Ночью на дачу приезжали Хрущев и Булганин (но почему-то не вошли к Сталину). Затем – дважды – Берия с Маленковым. Охране было сказано не беспокоить спящего вождя… Врачи же появились только утром 2 марта вместе с министром здравоохранения А.Ф. Третьяковым и начальником Лечебно-санитарного управления Кремля И.И. Купериным… Вождь оставался без медицинской помощи несколько часов».
Фактическая сторона событий у меня сомнений не вызывает. А вот традиционная интерпретация насчет злодея Берии, слишком поздно вызвавшего врачей, нисколько не убеждает. Первыми-то на сталинскую дачу прибыли Хрущев с Булганиным, но вызывать врачей сразу же не стали. Берия появился только некоторое время спустя, да и то в паре с Маленковым. Ясно, что единолично решить, вызывать или не вызывать врачей, он в принципе не мог. И уж совсем невероятно, что четверо руководящих деятелей Президиума ЦК, составлявшие его Бюро, здесь же, на даче, успели быстренько составить заговор и решили специально отложить вызов врачей, чтобы Иосиф Виссарионович уж точно не выкарабкался. Ведь в тот момент никто не знал, насколько безнадежно состояние Сталина. И если бы он все-таки уцелел и узнал, что соратники желали его смерти, судьбе «четверки» не позавидуешь. Кроме того, ее члены не доверяли друг другу, что тоже не создавало почвы для успешного заговора. Задержку же с вызовом врачей вполне логично объяснить тем, что Хрущев, Маленков, Булганин и Берия, узнав, что Сталину худо, элементарно растерялись. Все они привыкли, что вождь думает за них, принимая принципиальные решения, и страшились послесталинского будущего, с неизбежной борьбой за власть. Поэтому подсознательно поддерживали надежду, что товарищ Сталин, может быть, просто крепко спит, и все еще обойдется, и им пока не придется принимать на себя всю ответственность за руководство страной.

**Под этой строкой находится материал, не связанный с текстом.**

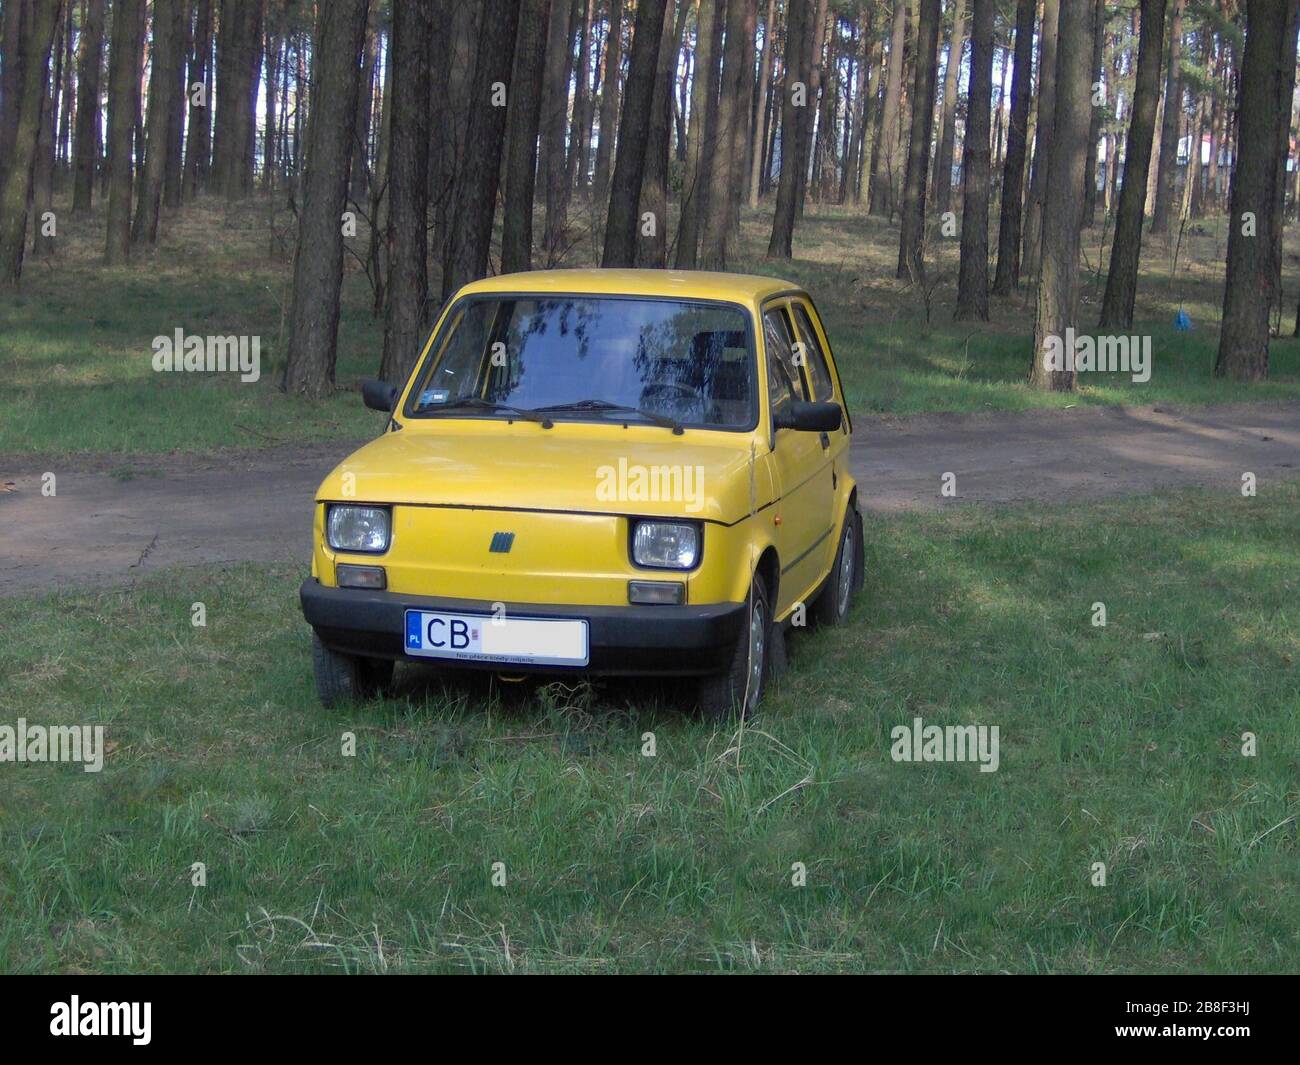 Polski: Koniec produkcji Polskiego Fiata 126p nastąpił nos wrześniu 2000 r.  Ostatnie 1000 aut, seria o nazwie limitowana Fiat 126 Happy End w  specjalnym żółtym (500 sztuk) oraz czerwonym sztuk kolorze (500).

Да и не было у «четверки» непосредственной причины желать скорейшего устранения Сталина. Ведь на последнем пленуме ЦК Сталин подверг суровой критике совсем не Маленкова, Берию, Булганина или Хрущева. Если и были у кого основания желать скорой смерти «великого кормчего», так это у Молотова и Микояна. Но они в тот момент находились в опале, на «ближнюю дачу» не ездили и при всем желании повлиять на ход и исход сталинской болезни не могли. Другое дело, что после смерти Сталина Молотов понадобился Маленкову, Хрущеву и Берии, как человек публичный, часто мелькавший в газетах в бытность свою главой правительства и потому пользовавшийся авторитетом у масс. Берия и Маленков вообще были работники аппаратные, не слишком известные народу, да и Хрущева знали лишь в Москве и на Украине, причем далеко не всегда – с лучшей стороны. Оставить же в составе правящей «четверки» Булганина означало бы дать решающий перевес Хрущеву, поскольку близость Николая Александровича и Никиты Сергеевича в тот момент была слишком хорошо известна. Поэтому Маленков и Берия предпочли ему нейтрального Молотова.